P.S. Typedefing the 2D array type will produce much more readable function declarations. E.g. if you do
typedef int Numbers2D[4][4];
then the first variant will turn into
Numbers2D &func() {
return numbers[0][2];
}
I have an C++ SDK that requires a char[][512] as a parameter. I know that this is supposed to be a list of file names and the number of files could vary. For the life of me I cannot figure out how to declare this. I have an array of CStrings and I am trying to copy them over using strcpy_s and then pass them into the SDK. Any idea on how to do this?
This declaration has a special meaning when used to declare parameter of a function. Within the parameter list it is equivalent to char[100][512], char[123][512], char[3][512] (you get the idea - the first size can be just anything, it is simply ignored) and also to char (*)[512]. Effectively, it will accept as an argument a 2D array of chars with flexible (arbitrary) first size.

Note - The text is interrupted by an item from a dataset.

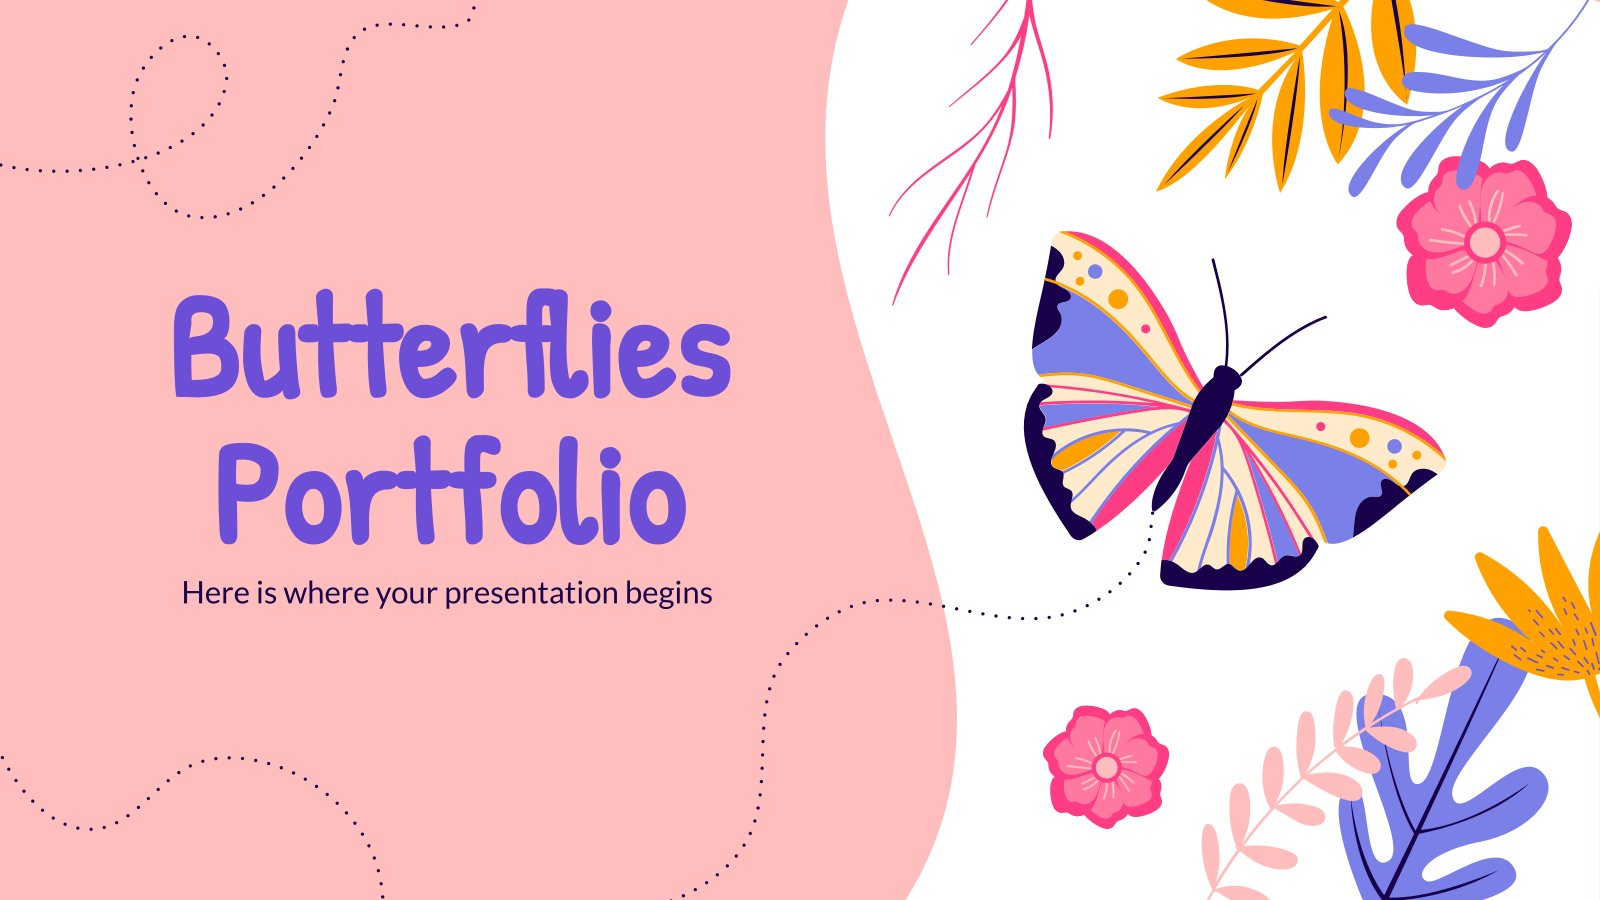 Butterflies Portfolio presentation template

The array that you will actually pass to this function should be declared with a concrete first size, for example
char names[3][512] = { "abc", "cde", "fgh" };
if you know the first size at compile time, of course.
If the first size is only known at run time (say, n), you'll have to allocate the array dynamically
char (*names)[512] = new char[n][512];
// Now fill it with names
or, more elegantly, with a typedef
typedef char TName[512];
TName* names = new TName[n];
// Now fill it with names
I expect that the SDK function you are talking about also asks you to pass the first size of the name array as another parameter.
It means 2D array of char. The number of rows could vary, and it should/may be specified in another parameter. C/C++ compilers need to know the number columns when a 2D arrays is passed ,So they can build the mapping function. Simply because arrays decay to pointers when they are passed as parameters, size information is lost. For example:
void fun(char matrix[][512], int rows);
...
char matrix[100][512];
...
fun(matrix, 100);
The mapping function that the compiler construct for a 2D array is similar to:
// arrays in C/C++ are stored in Row-Major Order
matrix[i][j] == matrix[i*numberOfColumns + j]
As you can see, when a 2D array is passed and the size information is lost, we need only the number of columns to index any element in this array.
Here is a way to convert an argv-style array of filenames into the form your SDK needs.
typedef char Char512[512];
Char512 * convert(const char *names[], int n)
{
Char512 * arr;
arr = new char[n][512];
for (int i = 0; i < n; n++)
::strncpy(arr[i], names[i], 512);
return arr;
}
When in doubt, use a typedef.
Just a reminder, if you new[] something, you must delete[] (not delete) it sometime.